Lunch & Learn Series: The Enigmatic Hook-billed Kite

HMANA Lunch & Learn Series: The Enigmatic Hook-billed Kite

Wednesday, July 19 at 12:00 pm EST

We were happy to welcome Ryan Phillips for July’s Lunch & Learn program who spoke about the Hook-billed Kite (Chondrohierax uncinatus).
 
This highly specialized, snail eating Neotropical raptor has a wide distribution that has received little research attention despite local declines occurring. It was once considered to be non-migratory, but Ryan and his team have documented a significant (5,000-9,000) migration of Hook-billed Kites in Belize and have studied this migration for the past 10 years. The past 10 years of the team’s research was also recently published in the Journal of Field Ornithology. Ryan shared their findings and how important this concentration point and migratory corridor in the Neotropical gem of Belize is for this Neotropical raptor and others (Double-toothed Kite, Plumbeous Kite, and Swallow-tailed Kite).
 
RYAN A. PHILLIPS has focused his work on avian ecology and conservation in California and Belize, Central America. Ryan received a B.Sc. in Wildlife, Conservation Biology and Fisheries with a specialization in Ornithology from the University of California at Davis and a M.Sc. in Environmental Studies at San Jose State University studying Neotropical raptor migration. He has been an Adjunct Instructor at De Anza College in the Kirsch Center for Environmental Studies since 2008. Ryan has worked with a wide variety of species, including non-avian species, focusing on their ecology and threats to assist with assessing their status and implementing conservation efforts.

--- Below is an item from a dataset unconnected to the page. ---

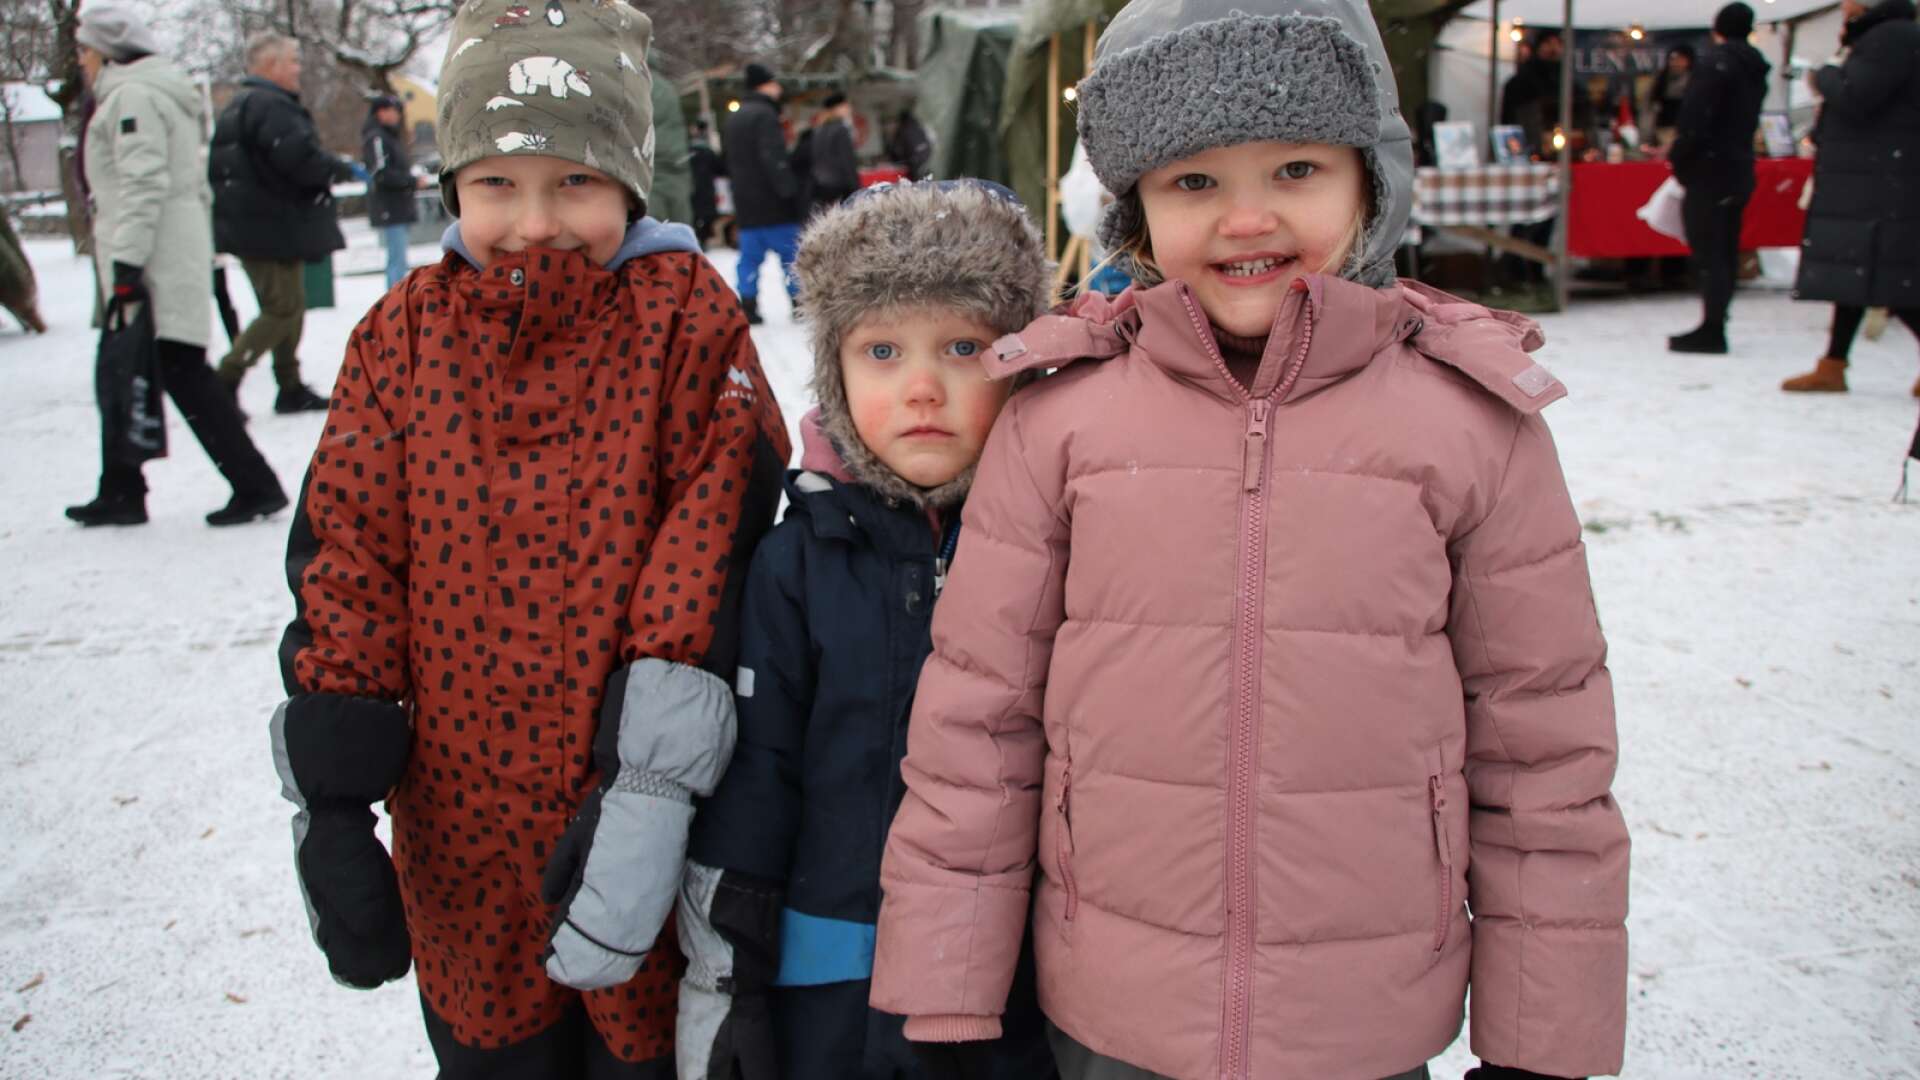 Filipstads julmarknad blev en fest för hela familjen. Det såldes juldekorationer, lotter och hembakat, bland annat. Marknaden arrangerades av Filipstadsföretag i samverkan. Syskonen Ebbe Jakobsson (till vänster) och Flora Jakobsson besökte marknaden tillsammans med sin kusin Iris Lundqvist.

Ryan is the Director and Founder of the Belize Hawk Watch with the Belize Bird Conservancy, a non-profit organization he co-founded in 2009. He has been studying Neotropical raptors since 2004, where he lived in Belize as a Field Biologist for The Peregrine Fund on the Belize Harpy Eagle Restoration Project to assist in restoring a population and study the ecology of post-released captive-bred eagles. During that time and beyond, he also monitored nests of the rare Orange-breasted Falcon and studied Neotropical species which there is little information on such as Solitary Eagle, Stygian Owl, Ornate Hawk-Eagle, and Hook-billed Kite. Since 2016, Ryan has been part of a Burrowing Owl Recovery Team in California to save the Burrowing Owl from local extirpation in the San Francisco Bay Area.